## Task item:
Return the listing below exactly as it stands. Pictures stay out.

## Data section:

--------

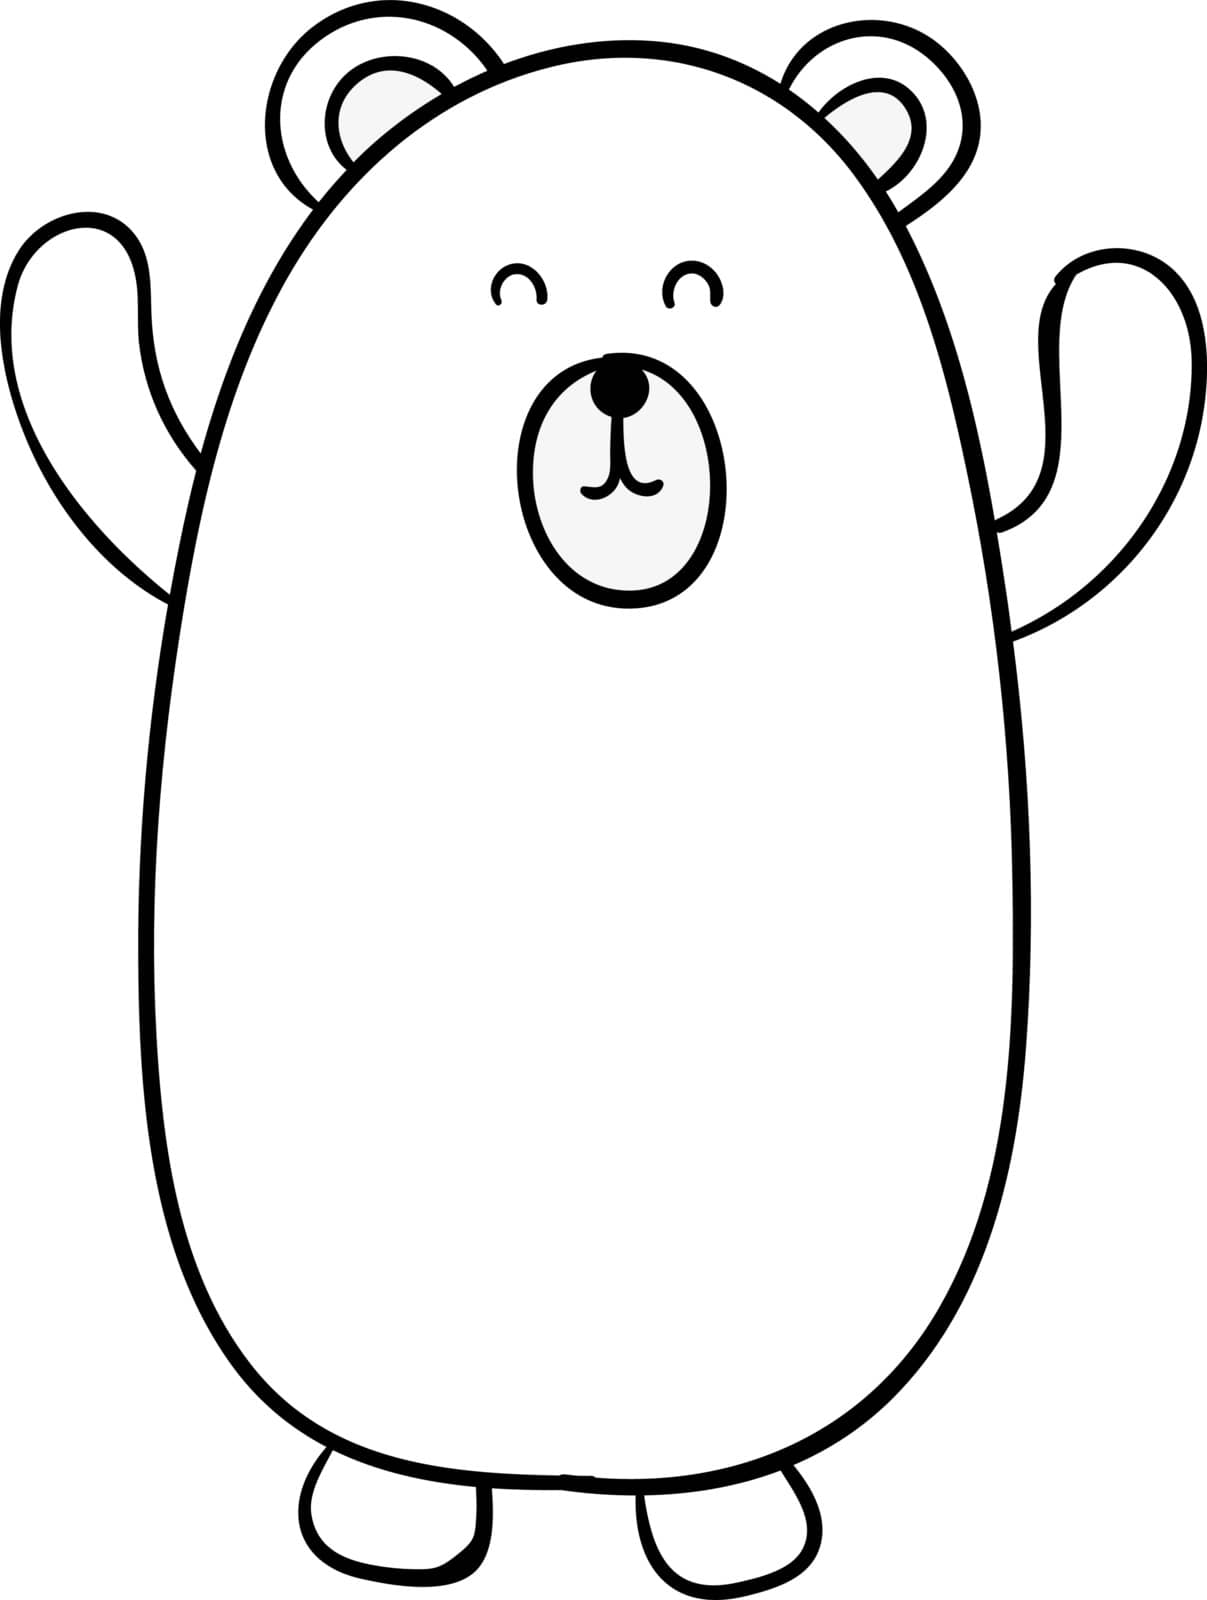 White bear, illustration, vector on white background. by Morphart
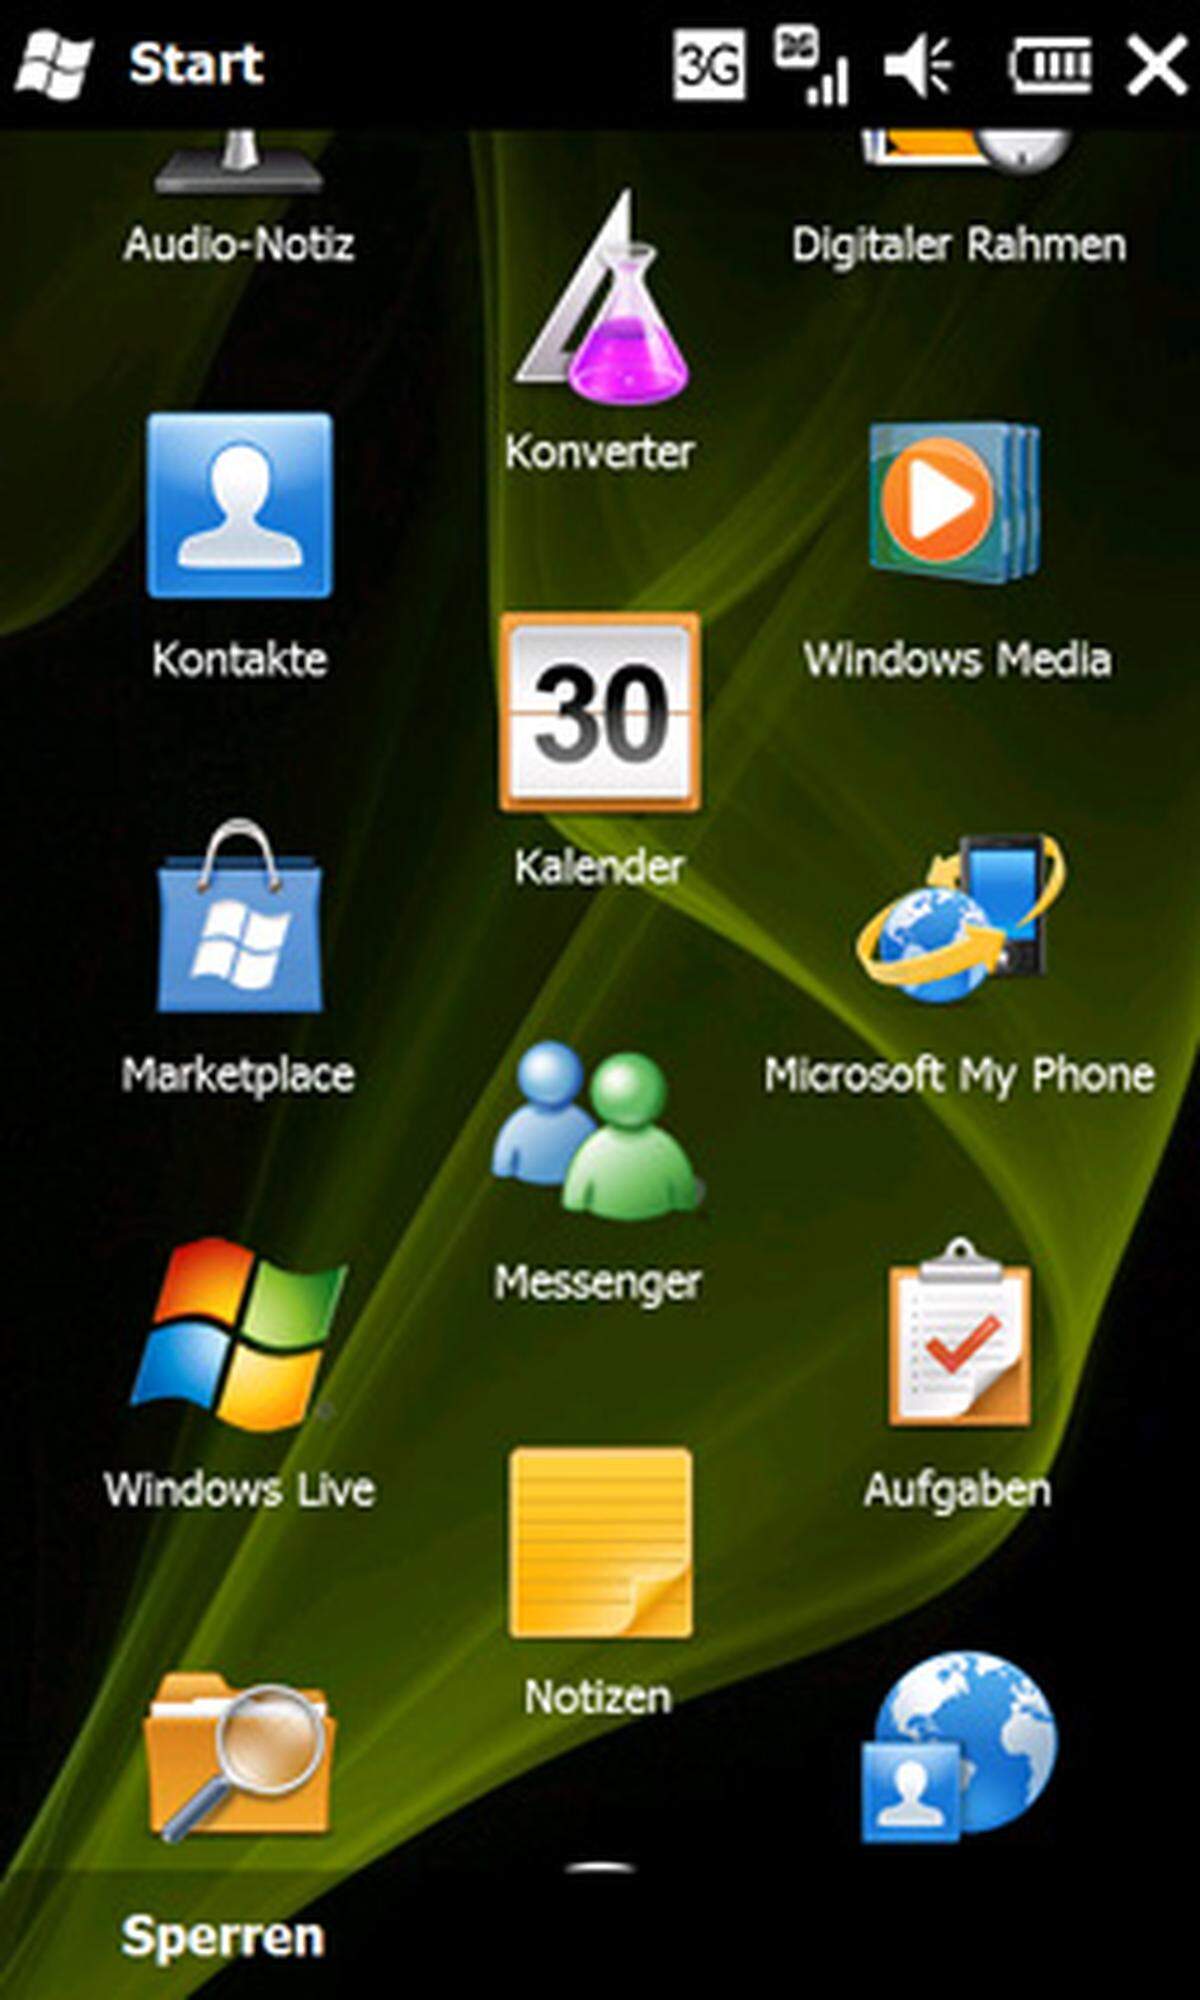 Mit Windows Mobile 6.5 hat Microsoft versucht, sein mobiles Betriebssystem auf den neuesten Stand zu bringen, um im Rennen mit Apples iPhone, Nokias Symbian, Googles Android und RIMs Blackberry nicht das Nachsehen zu haben. Untrennbar mit modernen "Smartphones" verbunden sind Zusatzanwendungen, die über einen Shop direkt am Handy erworben und installiert werden können. Der "App Store" ist einer der wichtigsten Erfolgsfaktoren des iPhones und auch die übrigen Rivalen haben eigene Angebote gestartet. Microsoft ist mit seinem "Marketplace", der nur unter Windows Mobile 6.5 verfügbar ist, also Nachzügler. DiePresse.com hat sich angesehen, ob sich die lange Wartezeit gelohnt hat.
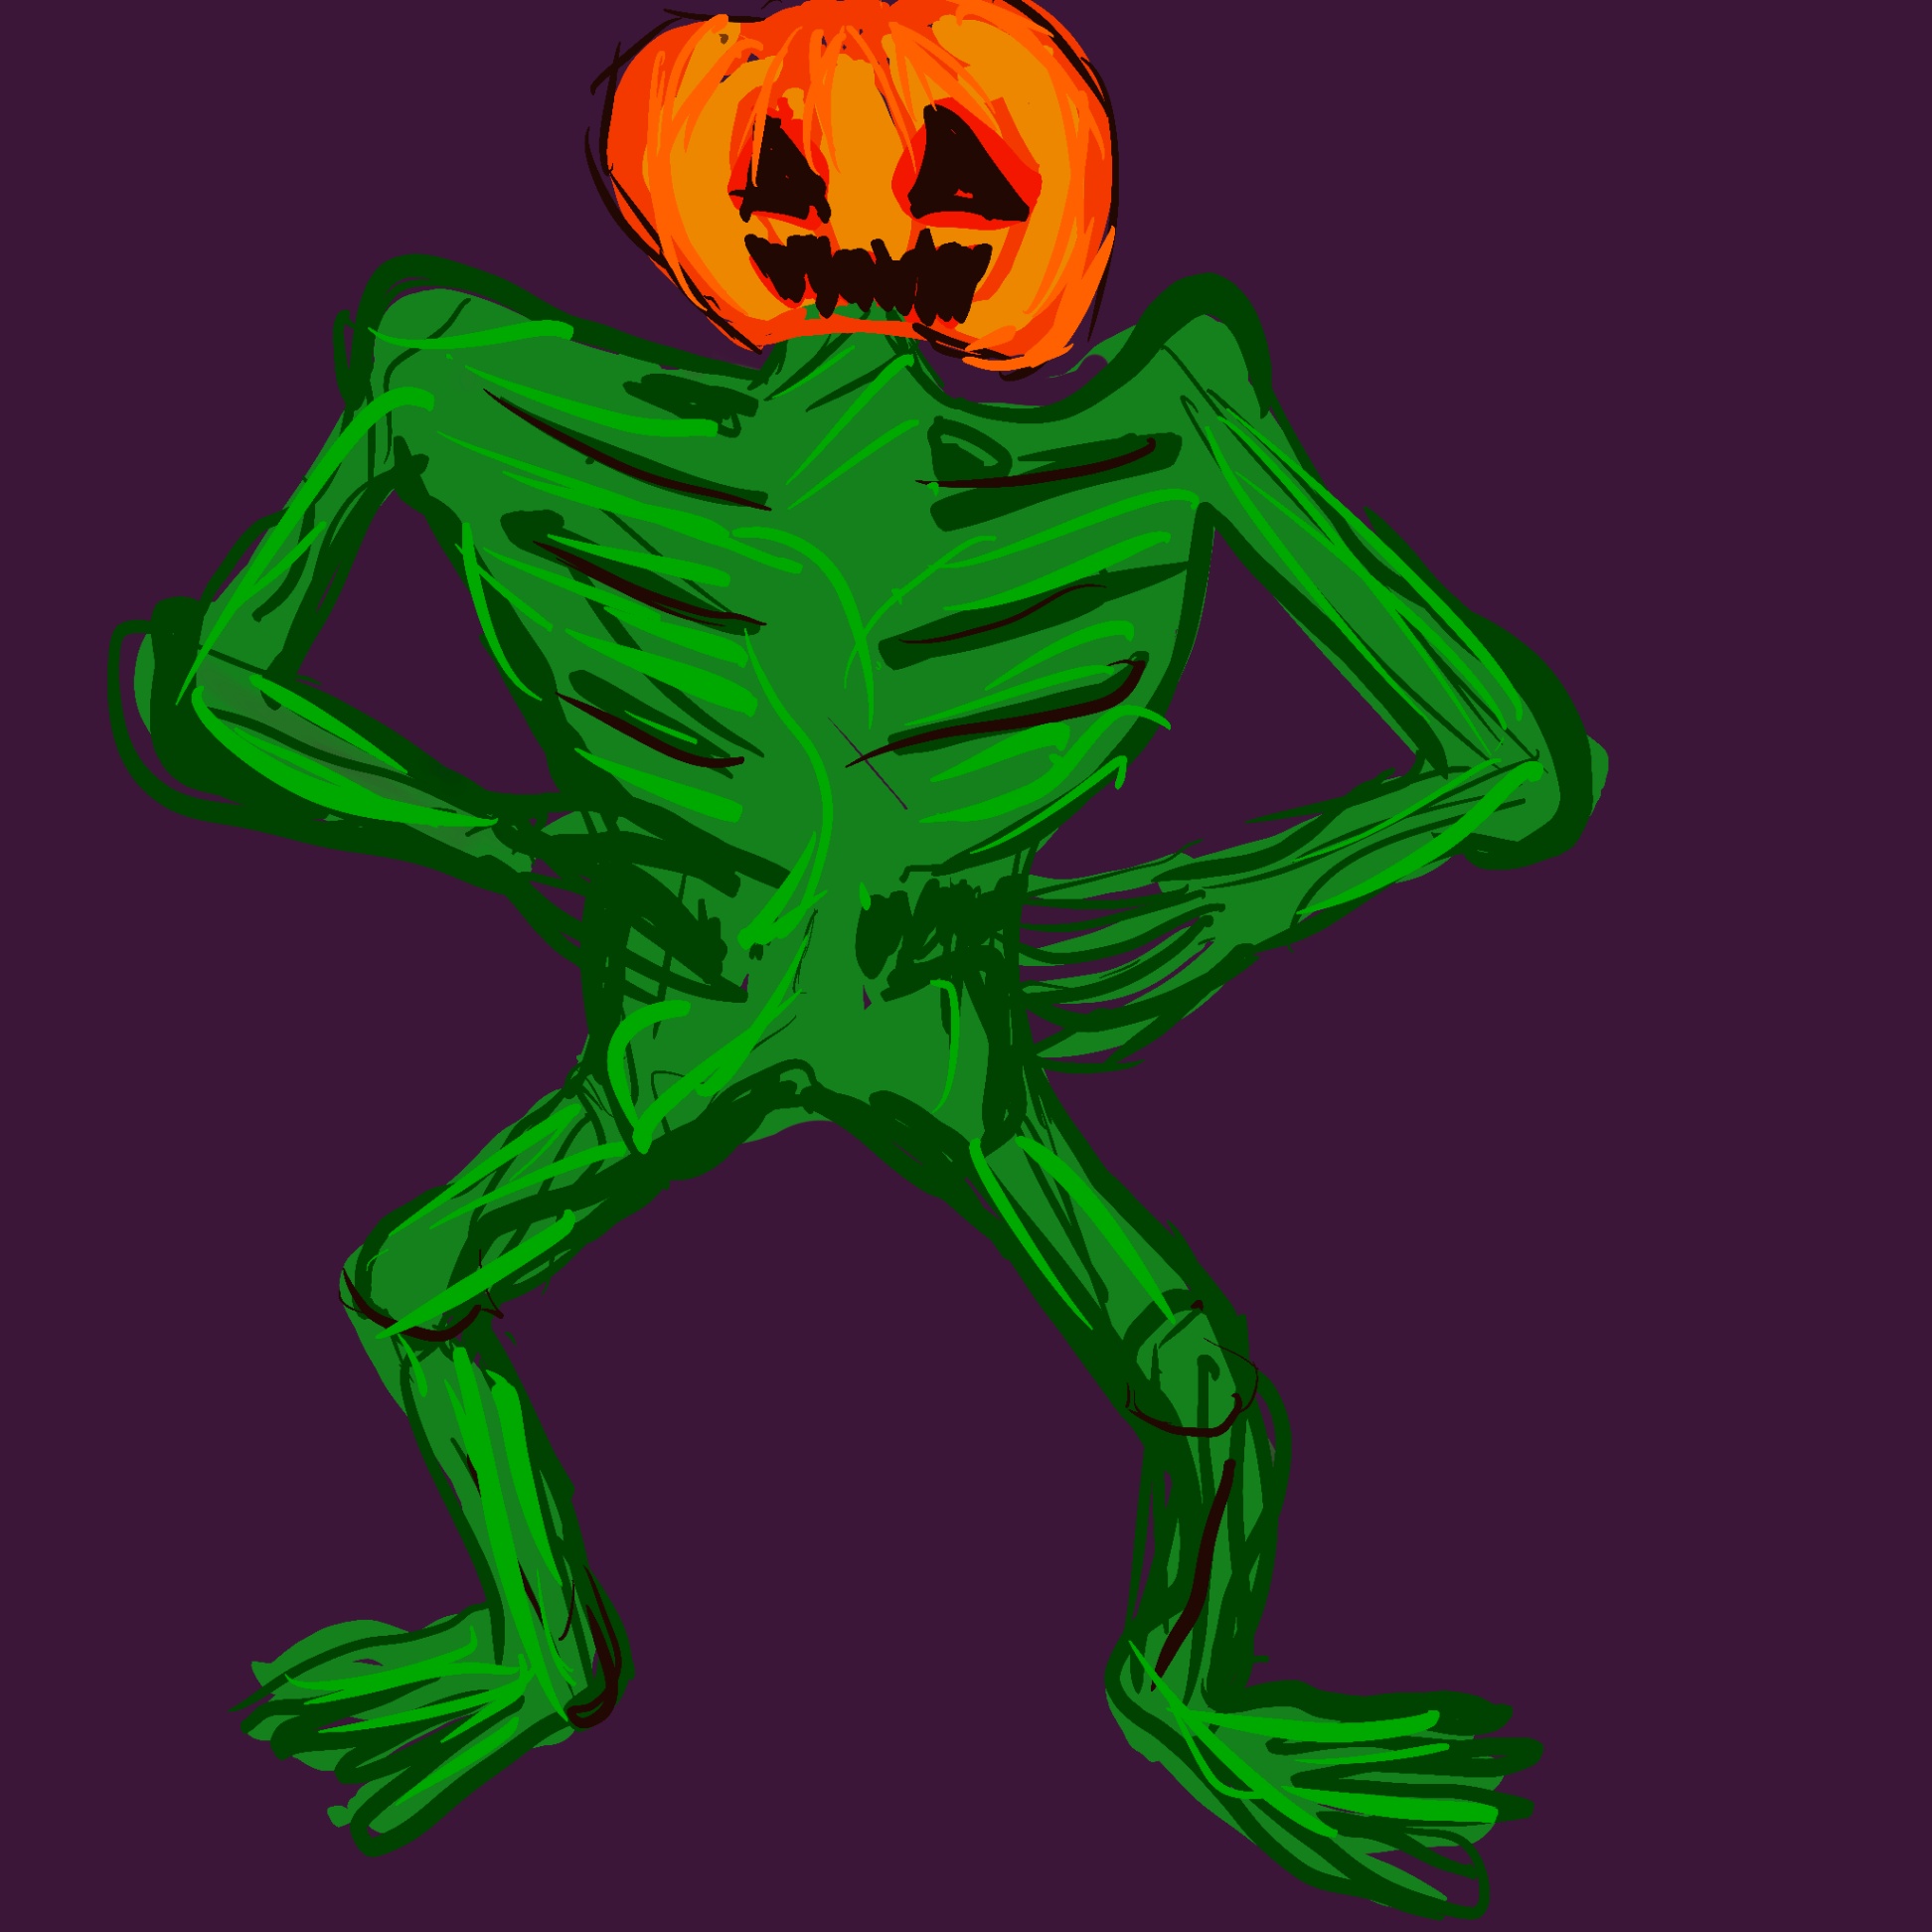 Pumpkin Man concept art

--------

## Final answer:
 White bear, illustration, vector on white background. by Morphart
 Mit Windows Mobile 6.5 hat Microsoft versucht, sein mobiles Betriebssystem auf den neuesten Stand zu bringen, um im Rennen mit Apples iPhone, Nokias Symbian, Googles Android und RIMs Blackberry nicht das Nachsehen zu haben. Untrennbar mit modernen "Smartphones" verbunden sind Zusatzanwendungen, die über einen Shop direkt am Handy erworben und installiert werden können. Der "App Store" ist einer der wichtigsten Erfolgsfaktoren des iPhones und auch die übrigen Rivalen haben eigene Angebote gestartet. Microsoft ist mit seinem "Marketplace", der nur unter Windows Mobile 6.5 verfügbar ist, also Nachzügler. DiePresse.com hat sich angesehen, ob sich die lange Wartezeit gelohnt hat.
 Pumpkin Man concept art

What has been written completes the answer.